If it is a simple PDF read, then just use the following statement to OK.
$content = shell_exec ('/usr/local/bin/pdftotext '. $filename. ');
If you need to transfer to Chinese, and so on, add parameters.
$content = Shell_exec ('/usr/local/bin/pdftotext-layout-enc GBK '. $filename. ');
Of course, after adding the parameter is still not affect the conversion of English, so, rest assured use it. Need to note that, here turned out is GBK code Oh, now a lot of the site is UTF-8, want to not display garbled words, need to escape again oh.
$content = mb_convert_encoding ($content, ' UTF-8 ', ' GBK ');
So far, it's done. read out the content, you want to use, and then write code to deal with it.
Finally add the parameters of Pdftotext to everyone.

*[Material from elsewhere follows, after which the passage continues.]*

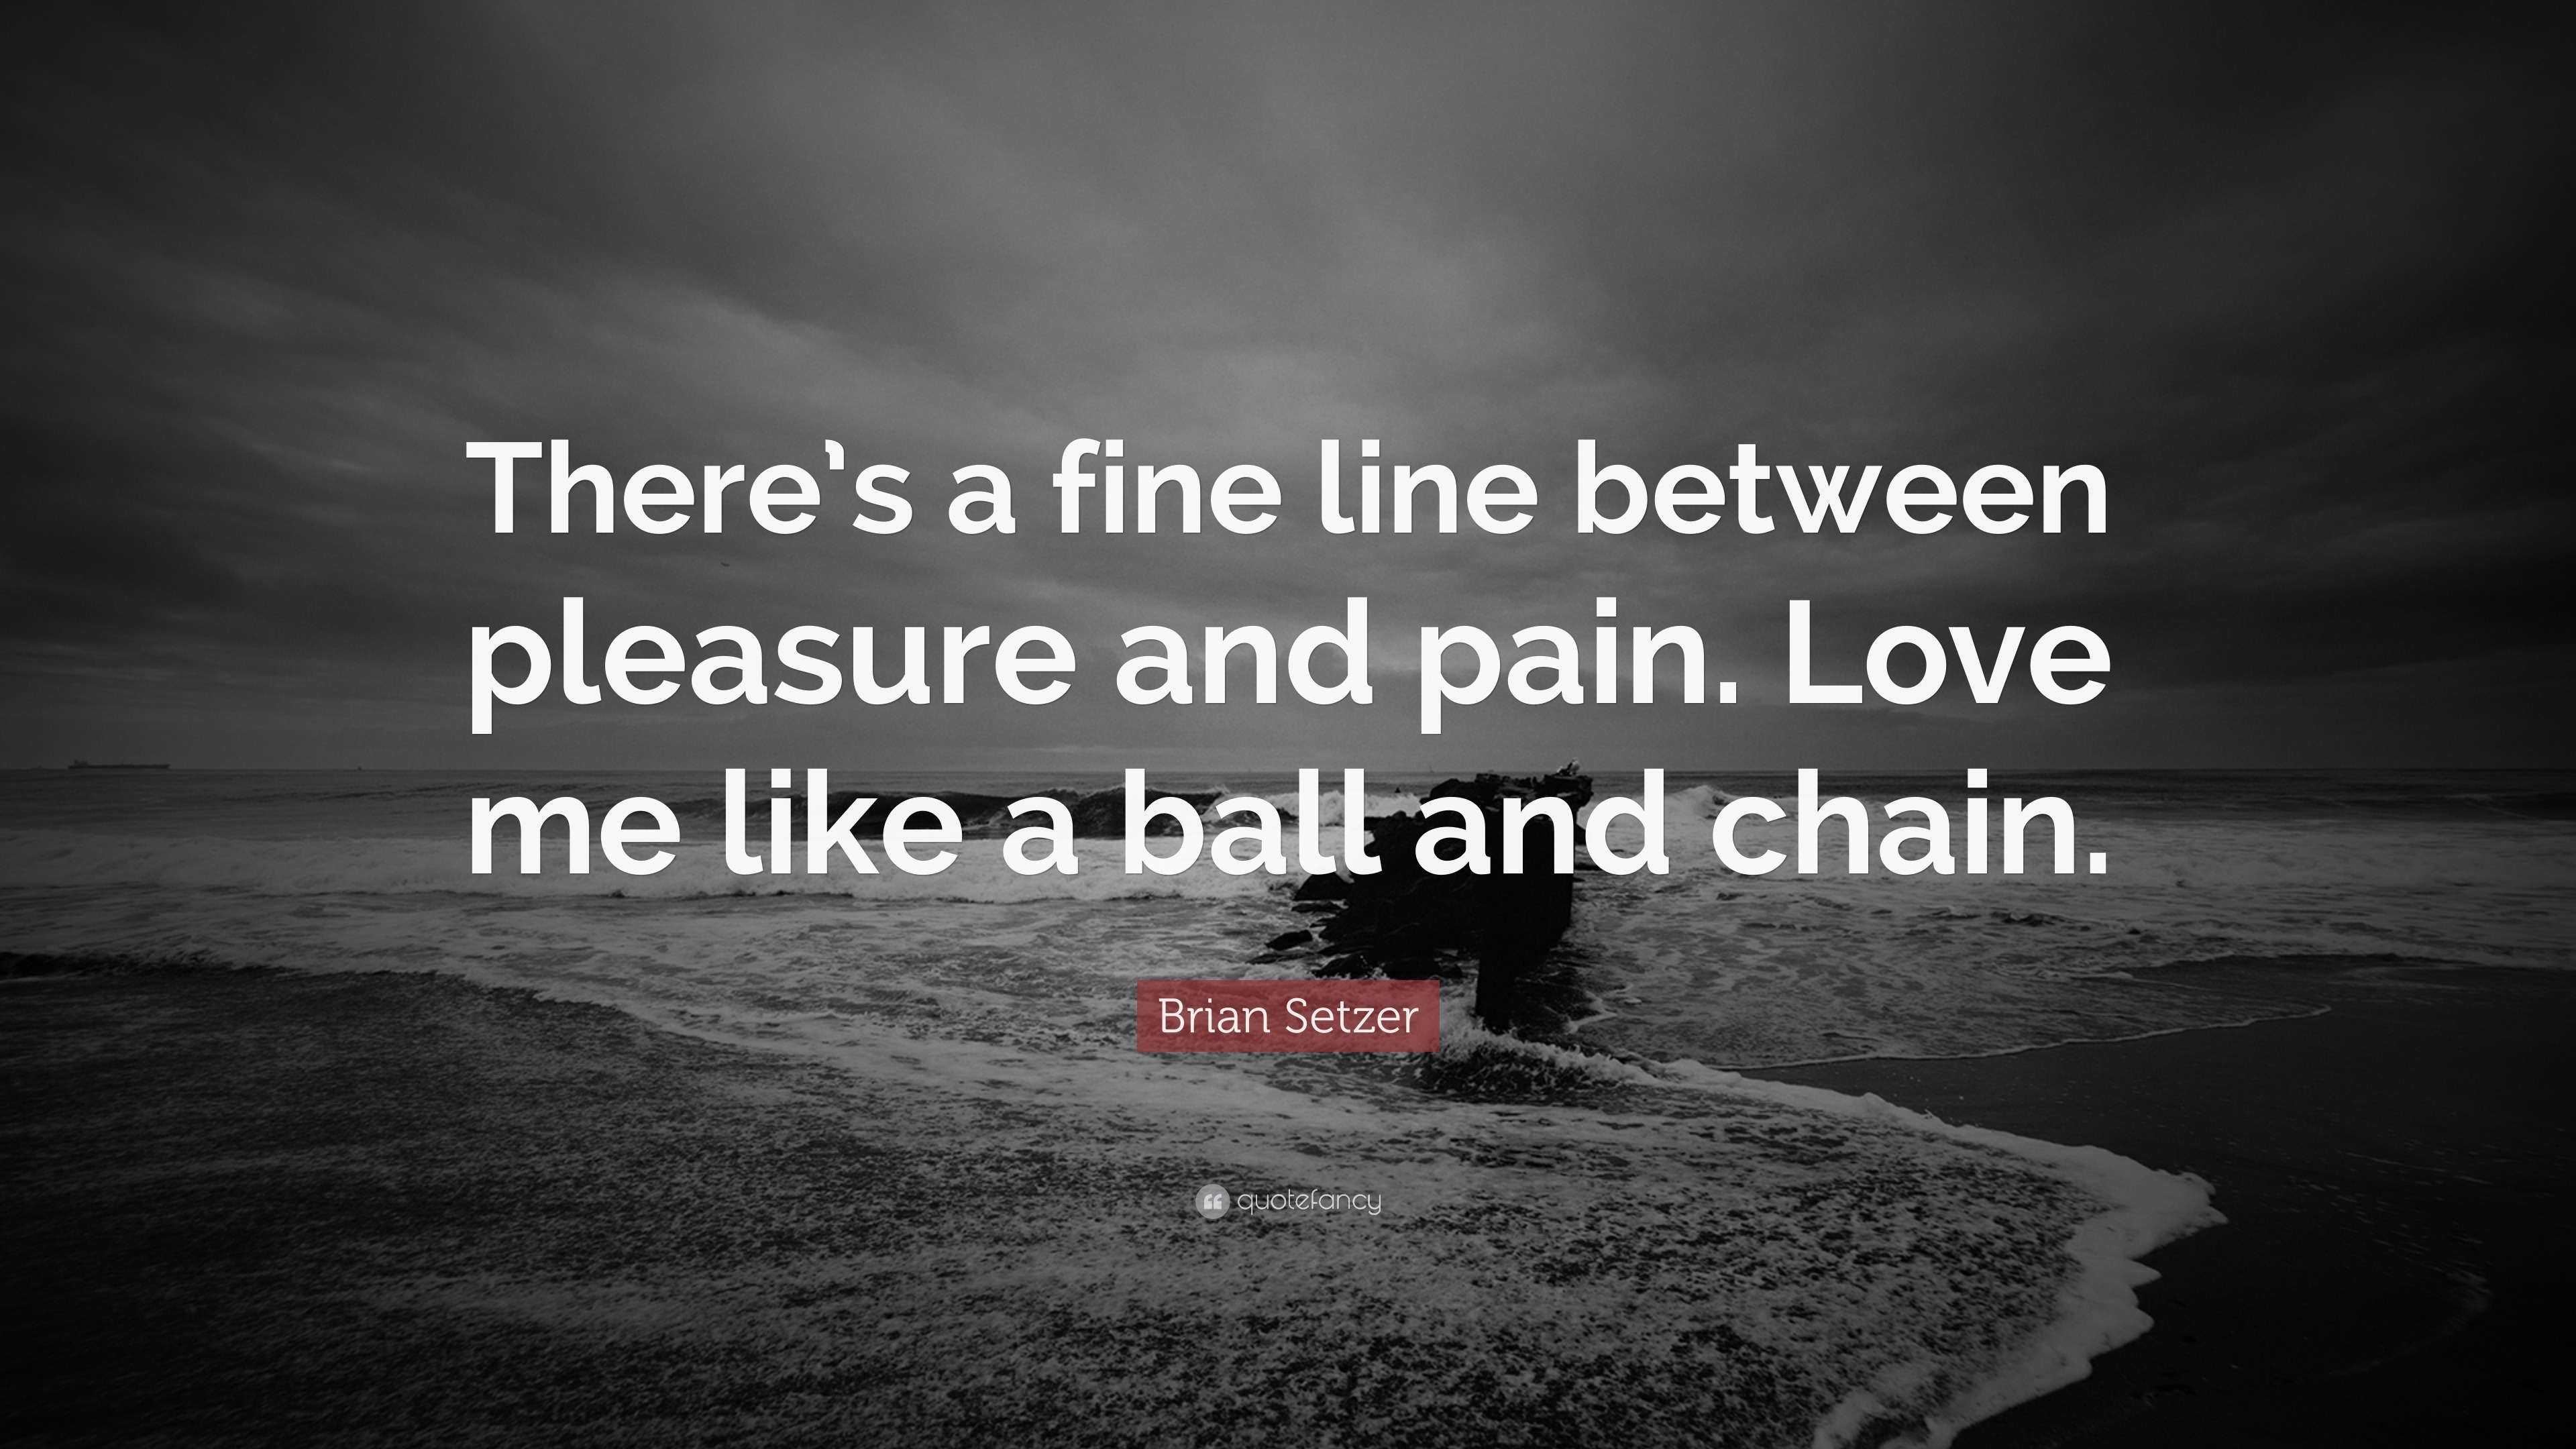 Brian Setzer Quote “There s a fine line between pleasure and pain Love me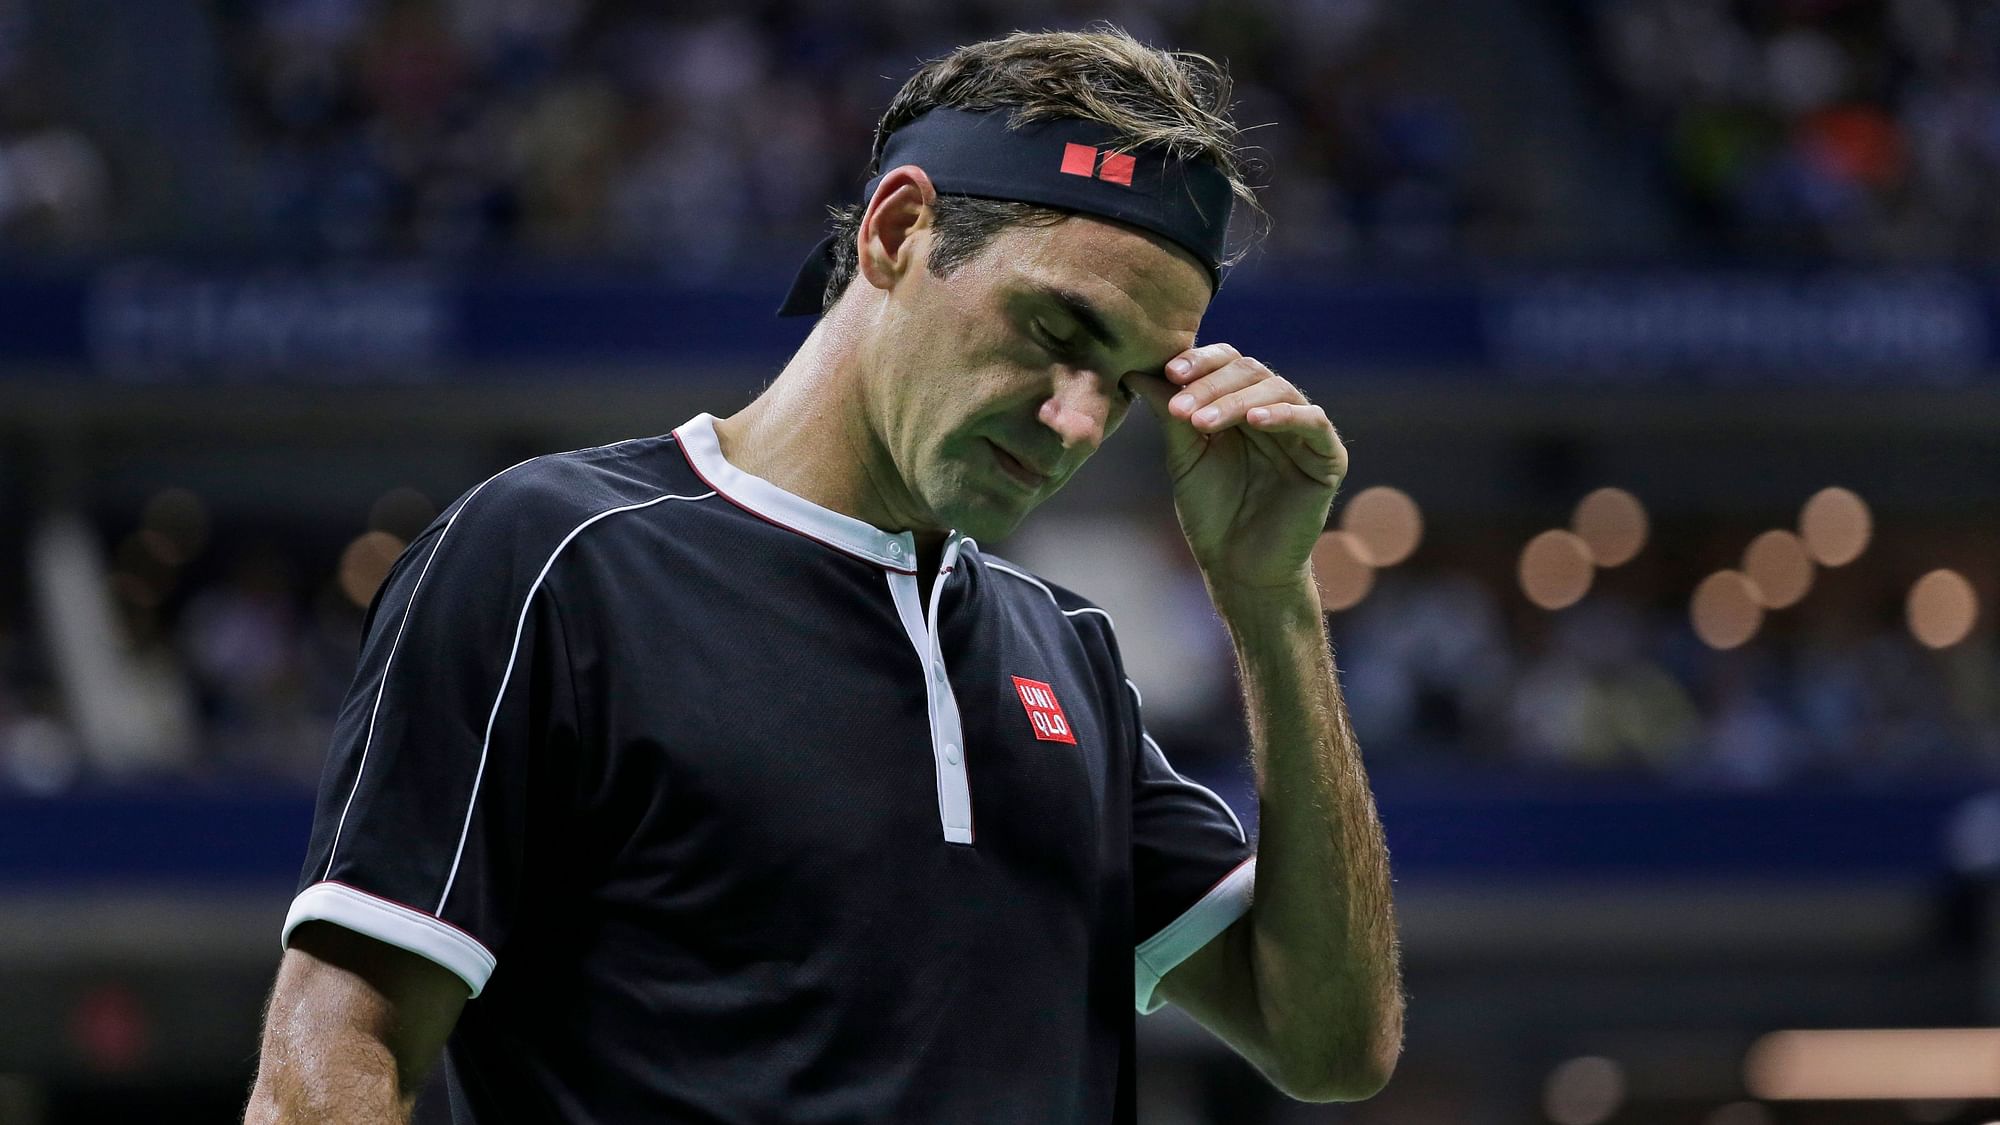 Roger Federer was beaten 3-6, 6-4, 3-6, 6-4, 6-2 by 78th-ranked Grigor Dimitrov in the US Open quarterfinals.

The main parameters are as follows:
OPTIONS
Many of the following options can is set with configuration file com-
Mands. These are listed into square brackets with the description of the
corresponding command line option.
-F Number
Specifies the page to convert.
-L Number
Specifies the last page to convert.
-layout
Maintain (as best as possible) the original physical layout of
The text. The default is to ' Undo ' physical Layout (columns,
Hyphenation, etc.) and output the text in reading order.
-fixed number
Assume Fixed-pitch (or tabular) text, with the specified charac-
ter width (in points). This forces physical layout mode.
-raw Keep the text in content stream order. This is a hack which
Often "undoes" column formatting, etc. Use the raw mode is no
Longer recommended.
-htmlmeta
Generate a simple HTML file, including the meta information.
This simply wraps the "text in <pre>" </pre> and prepends the
Meta headers.
-enc Encoding-name

Contact Us

The content source of this page is from Internet, which doesn't represent Alibaba Cloud's opinion; products and services mentioned on that page don't have any relationship with Alibaba Cloud. If the content of the page makes you feel confusing, please write us an email, we will handle the problem within 5 days after receiving your email.

If you find any instances of plagiarism from the community, please send an email to: info-contact@alibabacloud.com and provide relevant evidence. A staff member will contact you within 5 working days.

A Free Trial That Lets You Build Big!

Start building with 50+ products and up to 12 months usage for Elastic Compute Service

  • Sales Support

    1 on 1 presale consultation

  • After-Sales Support

    24/7 Technical Support 6 Free Tickets per Quarter Faster Response

  • Alibaba Cloud offers highly flexible support services tailored to meet your exact needs.